Yeah, I agree that we do tend to yearn 'above' when our lifestyles wobble slightly
and tucked-up in our beds, we yearn for something -or someone to come down
and change everything for the better.

The days of Betty and Barney Hill, the strange 'Thing' of Warminster and Billy
Meier's dangling craft will always make me wonder if it is nuts-and-bolts visits
or as another said, a thought-process problem.

posted on May, 12 2012 @ 11:50 AM
reply to post by A boy in a dress
Well there's no saying it can't be both? People misidentify and lie to their heart's content every day of the week. This doesn't mean that some of them don't also have experiences that fall *outside* of our expectations.

These subjects require a least some tolerance for ambiguity and the extremists of all sides don't have the capacity to understand that.

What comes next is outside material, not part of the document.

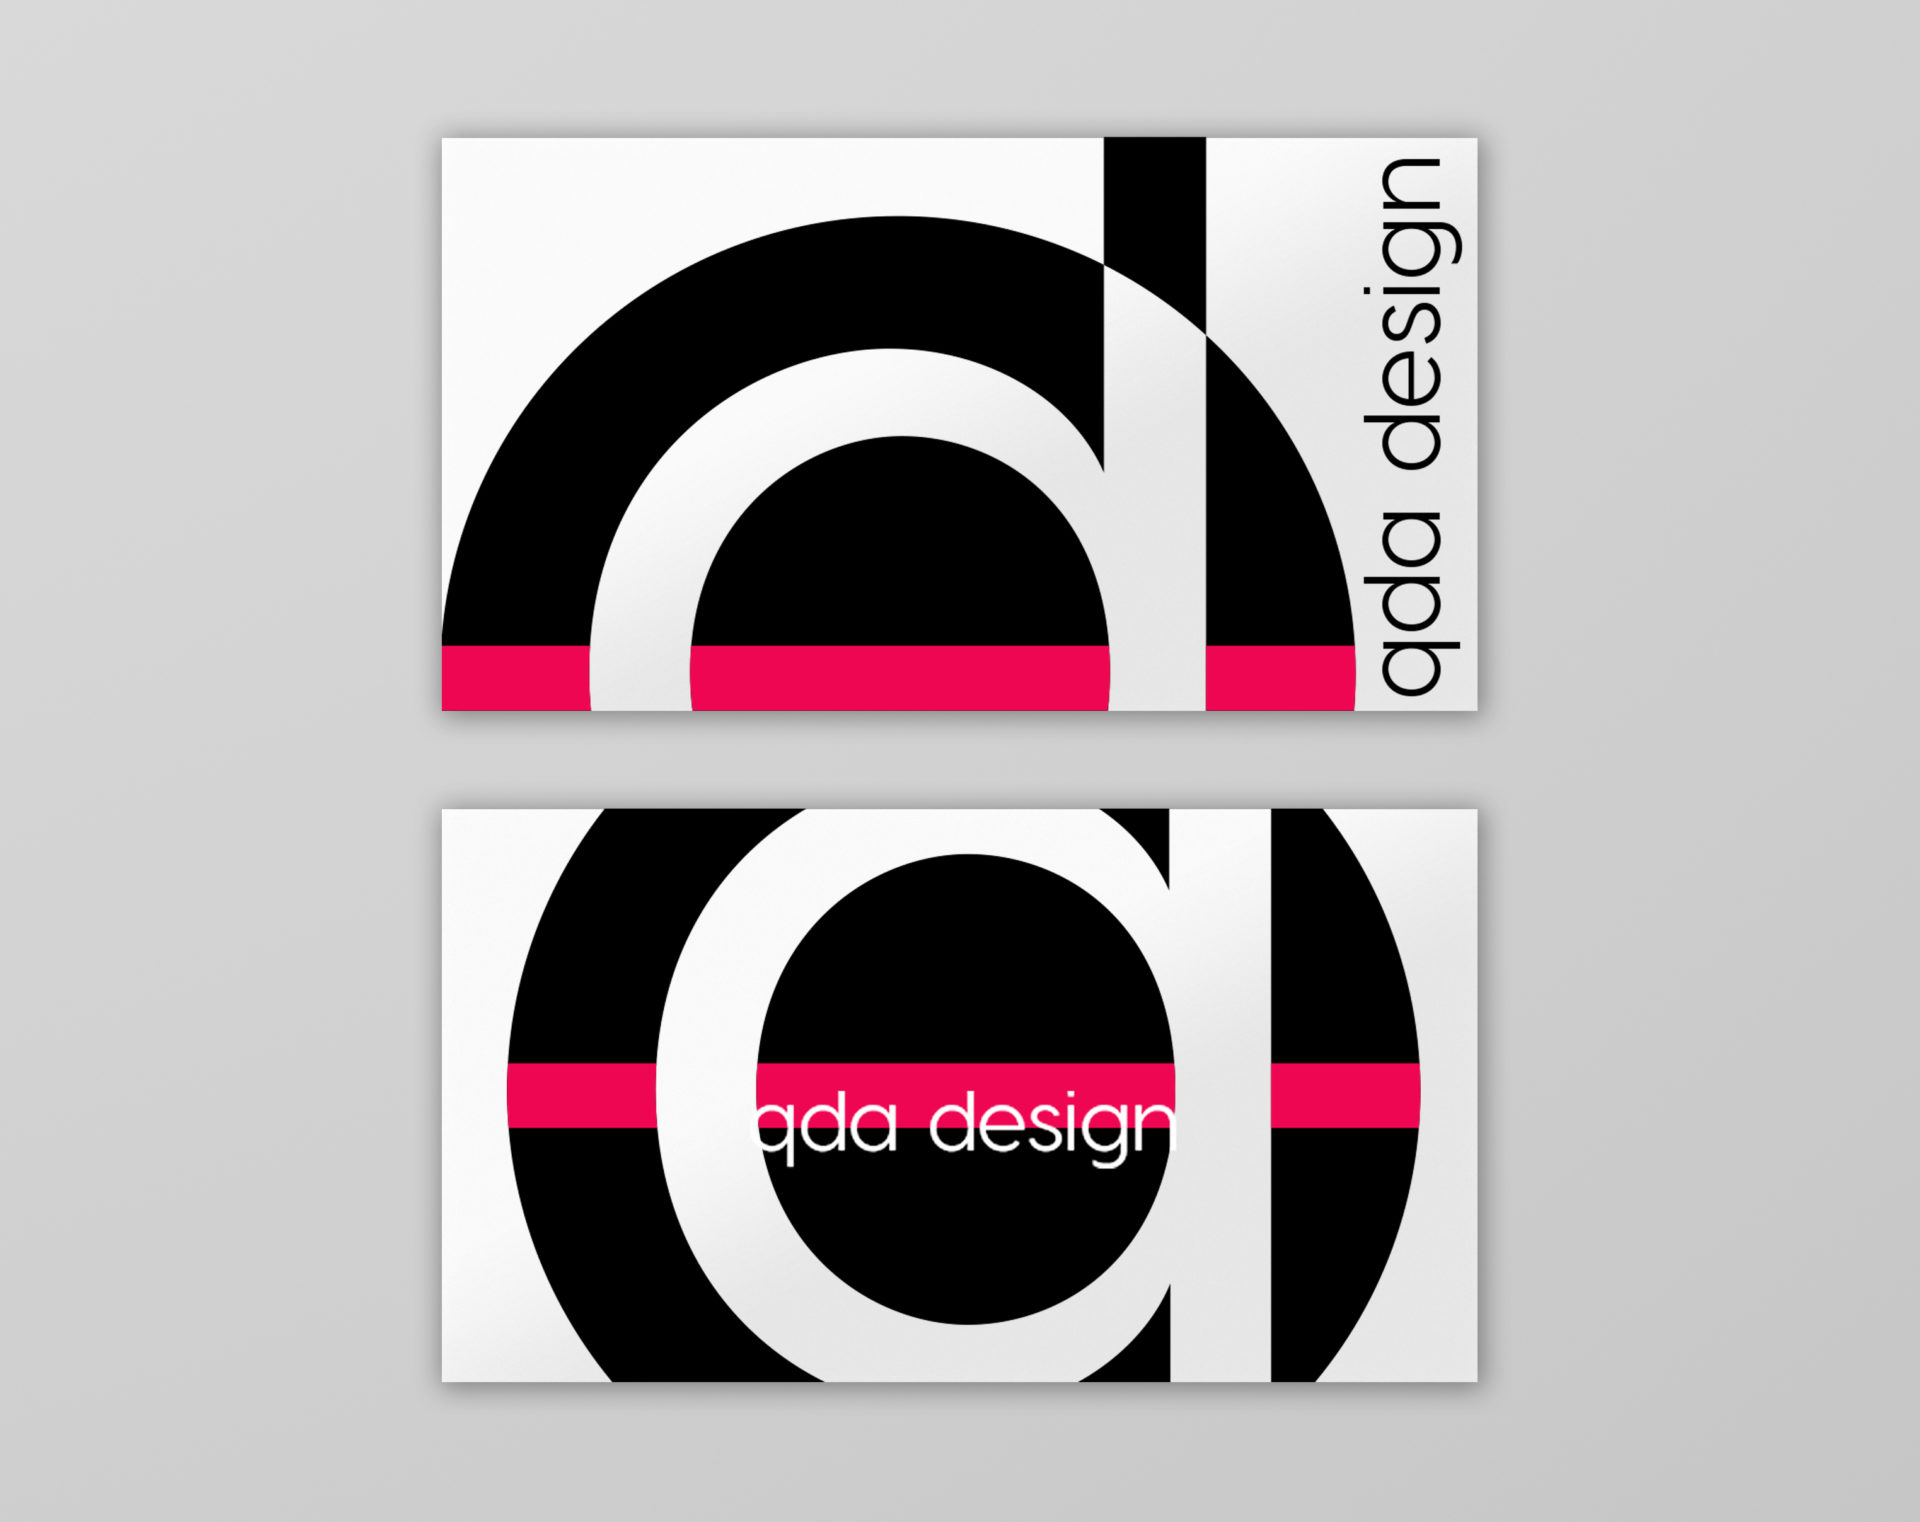 qda design logo qda design

posted on May, 12 2012 @ 12:19 PM
reply to post by Kandinsky

Sorry for the delay.
I agree, just when we think we've got a handle on this thing called
life, a curve-ball is thrown and we feel we're back to square-one.
Half a century of being here and I can testify to that!!

When an experience is related and the witness does attempt to
provide an explanation or reveals the way they saw the event, then I
don't have a problem with that.
It's how we're built, we need our 'Logic-ciruits' to tell us we're okay.

It's when the witness begins the 'Oh... and I'm involved in a BIG way
and the Space-people promised to come back... to me especially'
Then I roll my eyes and sigh.

posted on May, 12 2012 @ 12:29 PM

Originally posted by Kandinsky
reply to post by stirling
Yeah, I know and I could've added Kinross and Valentich too.

I wasn't really aiming at genuine UFOs, but more the belief-systems that go with the subject and the phenomena. There's a history here that is dark and unhealthy and we all go exploring it at our own peril!

I travel the 'blogosphere' and there's plenty of evidence that some folk lose their way in this field.